Thursday, 21 February, 2019

US Treasury says China does not manipulate its currency

US Treasury says China does not manipulate its currency US Treasury says China does not manipulate its currency
Nellie Chapman | 21 April, 2017, 19:54

US President Donald Trump and Chinese President Xi Jinping shake hands during a dinner at Mar-a-Lago, Thursday, April 6, 2017, in Palm Beach, Fla.

U.S. Treasury Department on Friday declared that no major trading partner of the U.S., including China, met the standard of manipulating its currency, while six economies were listed on its Monitoring List as their foreign exchange polices bear close monitoring. The reversal by the Treasury department was one of the nearly half-a-dozen instances when Donald Trump or his administration have gone back on his poll campaign promises. But this week he said North Atlantic Treaty Organisation was no longer obsolete.

He referred to the USA bombing of a Syrian air base on April 7 to punish the Bashar al-Assad regime for a suspected use of chemical weapons.

The last report released in October found that six countries - China, Japan, Korea, Germany, Taiwan and Switzerland - met two of the three criteria.

No major trading partner of the USA was named a currency manipulator in a latest Treasury report on the foreign exchange policies of these countries, though a list including six countries whose polices were deemed to require close monitoring was left unchanged.

Trump has softened his rhetoric against China's trade practices as Beijing has intervened in foreign exchange markets to prop up the value of its yuan, and as he looks to China for help dealing with rising tension on the Korean peninsula.

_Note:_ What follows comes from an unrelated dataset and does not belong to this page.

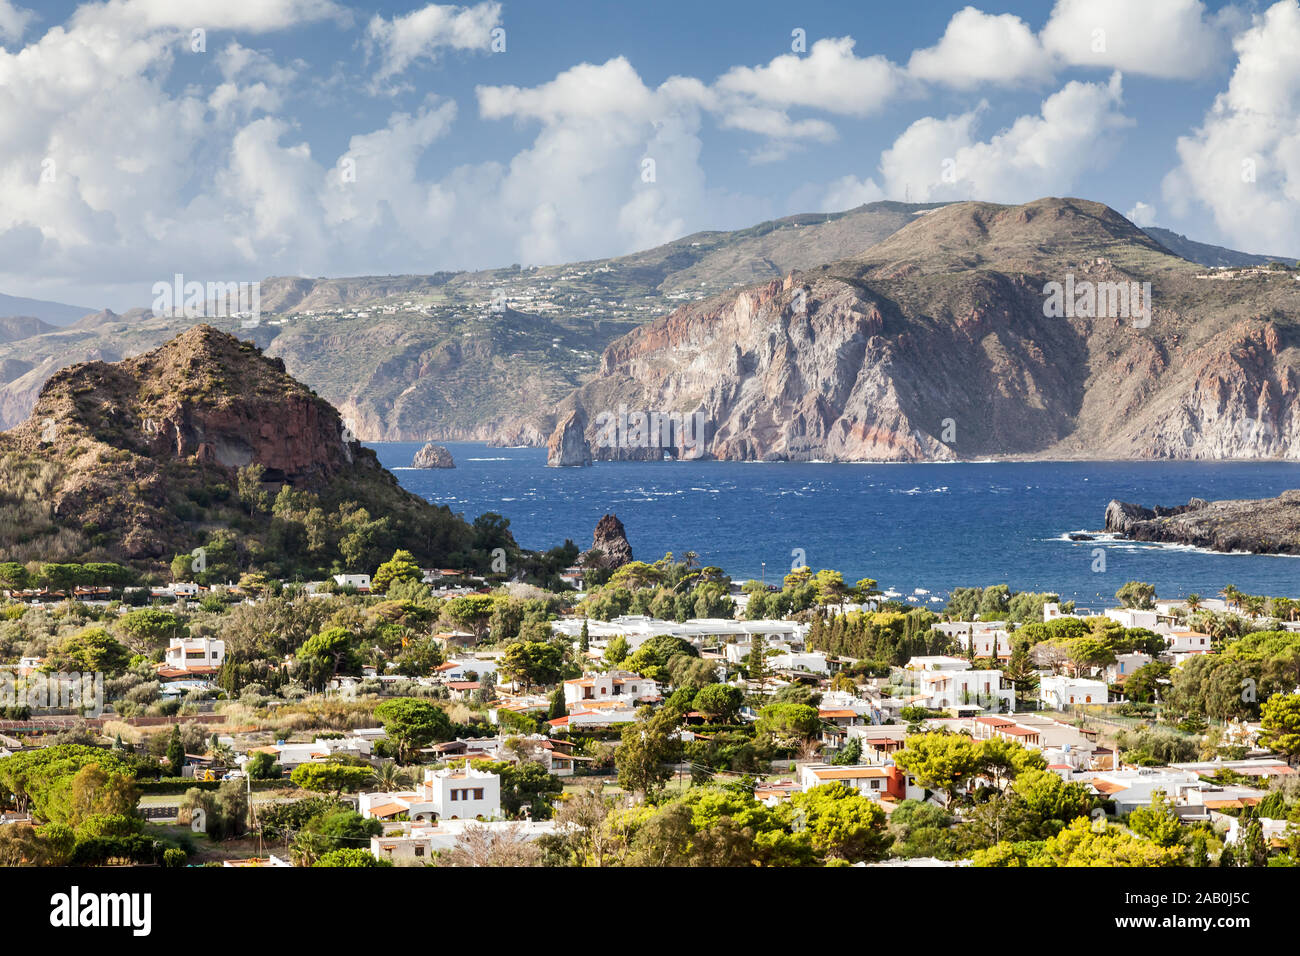 Der Blick auf die schoene Landschaft auf den Liparischen Inseln Stock Photo

"The US can not and will not bear the burden of an worldwide trading system that unfairly disadvantages our exports and unfairly advantages the exports of our trading partners through artificially distorted exchange rates", it said. "The fact that that has been going on for so long is emblematic of the imbalance in the way we negotiate and deal with each other", said James McGregor, Chairman of APCO Worldwide in Greater China.China has purchased hardly any American beef since it conditionally lifted an import ban a year ago that was imposed in 2003 due to a case of mad cow disease in Washington state.Despite initial media reports suggesting Xi may have offered access for U.S. beef as a concession to stave off rising trade tensions, China's Premier Li Keqiang this week appeared to link progress on the issue to U.S. restrictions on imports of some Chinese poultry products for food safety reasons."China is willing to import market-competitive U.S. beef that meets quality and health standards", Li told a U.S. Congressional delegation in Beijing on Monday, according to the state-run Beijing News.

The Opposition Democratic party leaders slammed Trump Administration for going back on its poll promise. Economists say the USA currency could rise further as the Federal Reserve raises interest rates.

"China now has an extremely large and persistent bilateral trade surplus with the United States, which underscores the need for further opening of the Chinese economy to American goods and services, " as well as quicker reforms to boost household consumption, according to the Treasury report.

Designating a country as a currency manipulator doesn't immediately trigger any penalties, but it is seen by other governments as a provocation.

The decision not to name China a currency manipulator has marked one of the sharpest major reversals of Trump's young presidency.

The president also has a developing perspective on North Korea.

Even though China has not moved to keep its currency weak in recent years, the country "has a long track record of engaging in persistent, large-scale, one-way foreign exchange intervention, doing so for roughly a decade", the report said. It said it will scrutinise China's trade and currency practices very closely, especially in light of the extremely sizable bilateral trade surplus that China has with the US.

Now, China needed to show that its lack of intervention in the currency markets "to resist appreciation" over the past three years was a "durable" policy by allowing the yuan to strengthen "once appreciation pressures resume", the Treasury said.